FIG. 1 is a cross-sectional view of an electrode wire according to the present invention. Figure 2 shows the effectiveness of the electrode wire according to the present invention, Figure 3 compares the processing results of the electrode wire according to the present invention and other electrode wires, and Figure 4 shows the effectiveness of the electrode wire according to the present invention. FIG. 5 is a cross-sectional view of the workpiece and the electrode wire during electrical discharge machining, and FIG. 5 is a cross-sectional view of the workpiece when the corner is rounded.
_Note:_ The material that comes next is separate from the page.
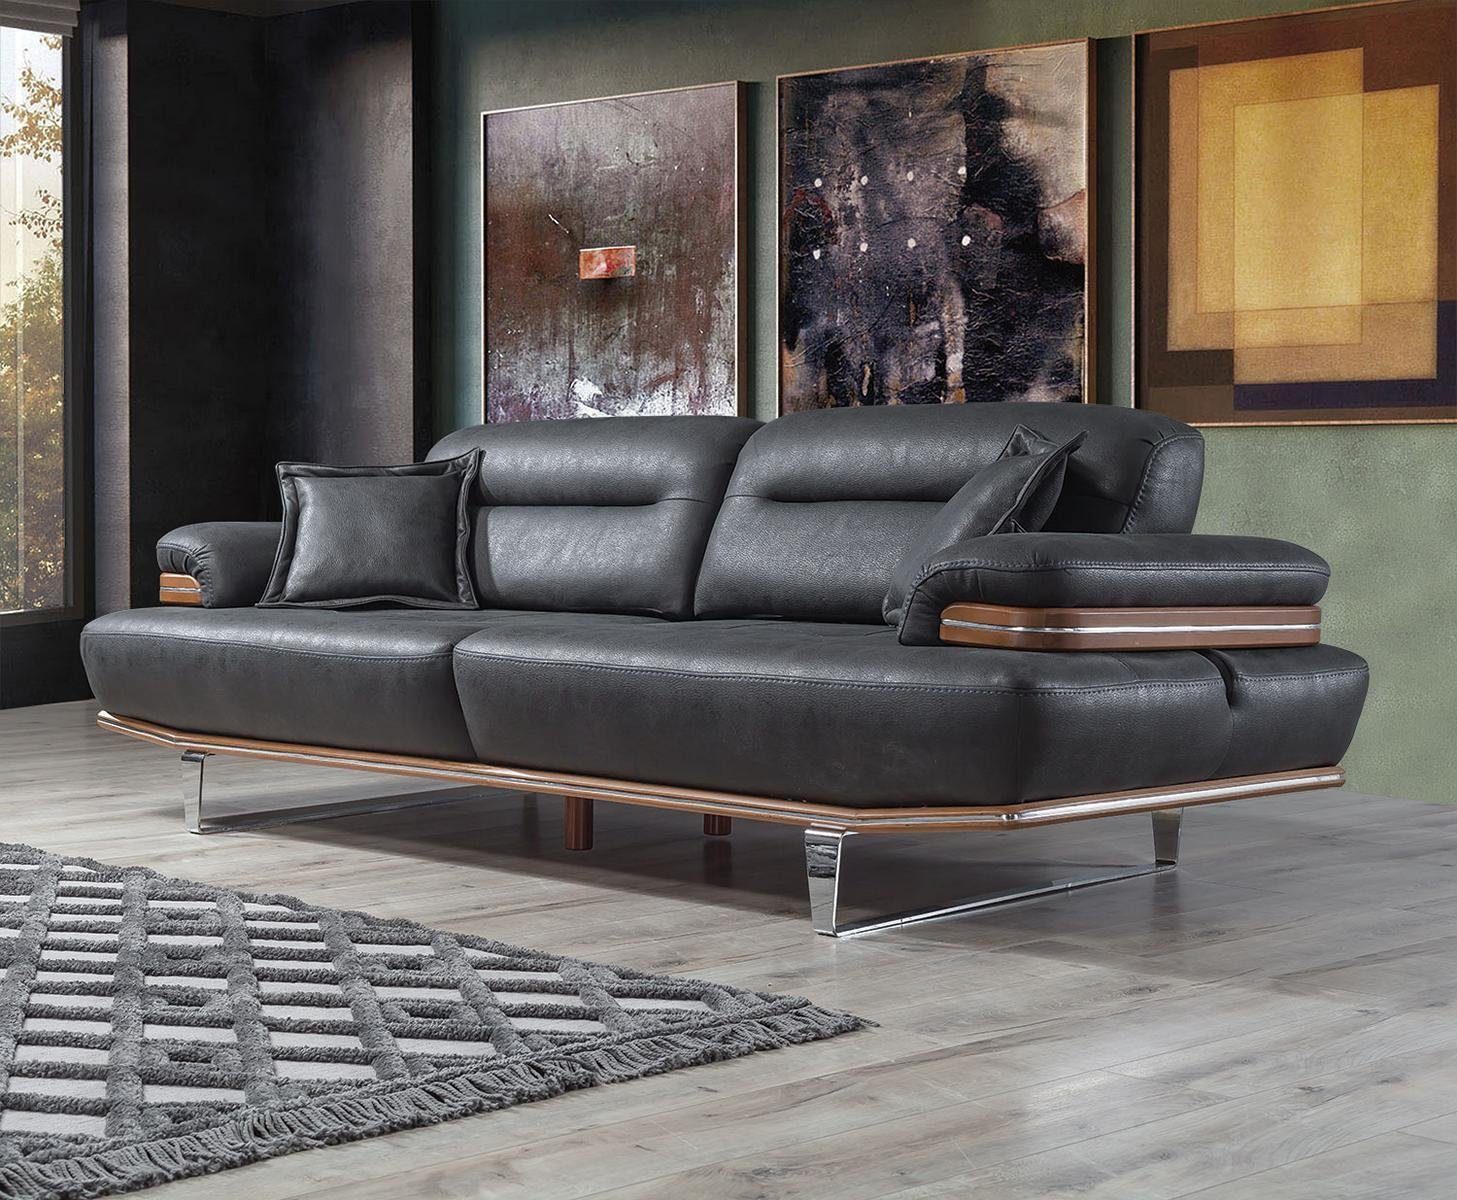 JVmoebel Sofa Dreisitzer Luxus Sofa 3 Sitz Sofas Sitz Leder Design Couch Möbel Stil, 1 Teile, Made in Europa

FIG. 6 is an explanatory diagram showing vprp in Table 2. Figure 1 Figure 2 Figure 2 Sword - t'taV

Claims (4)

[Claims] (1) An electrode wire for wire electrical discharge machining, characterized in that the surface of the zinc or zinc alloy coating layer is coated with chromium oxide in a composite wire in which a zinc or zinc alloy coating layer is provided on the surface of the core material. (2) The electrode wire for wire electrical discharge machining according to claim 1, wherein the thickness of the chromium oxide is 100 to 1000 Å. (3) In manufacturing the above electrode wire for wire electrical discharge machining, the surface of the core material is galvanized, then cold worked by 80% or more, and then immersed or A method for manufacturing an electrode wire for wire electrical discharge machining, which is characterized by attaching chromium oxide to a galvanized surface by electrolysis. (4) The liquid composition of the sulfuric acid aqueous solution containing chromium ions is 5 g/l to 100 g/l of chromium ions and 5 g/l to 3 g/l of sulfuric acid.
4. The method for manufacturing an electrode wire for wire electrical discharge machining according to claim 3, characterized in that the content of the electrode wire is 0 g/l.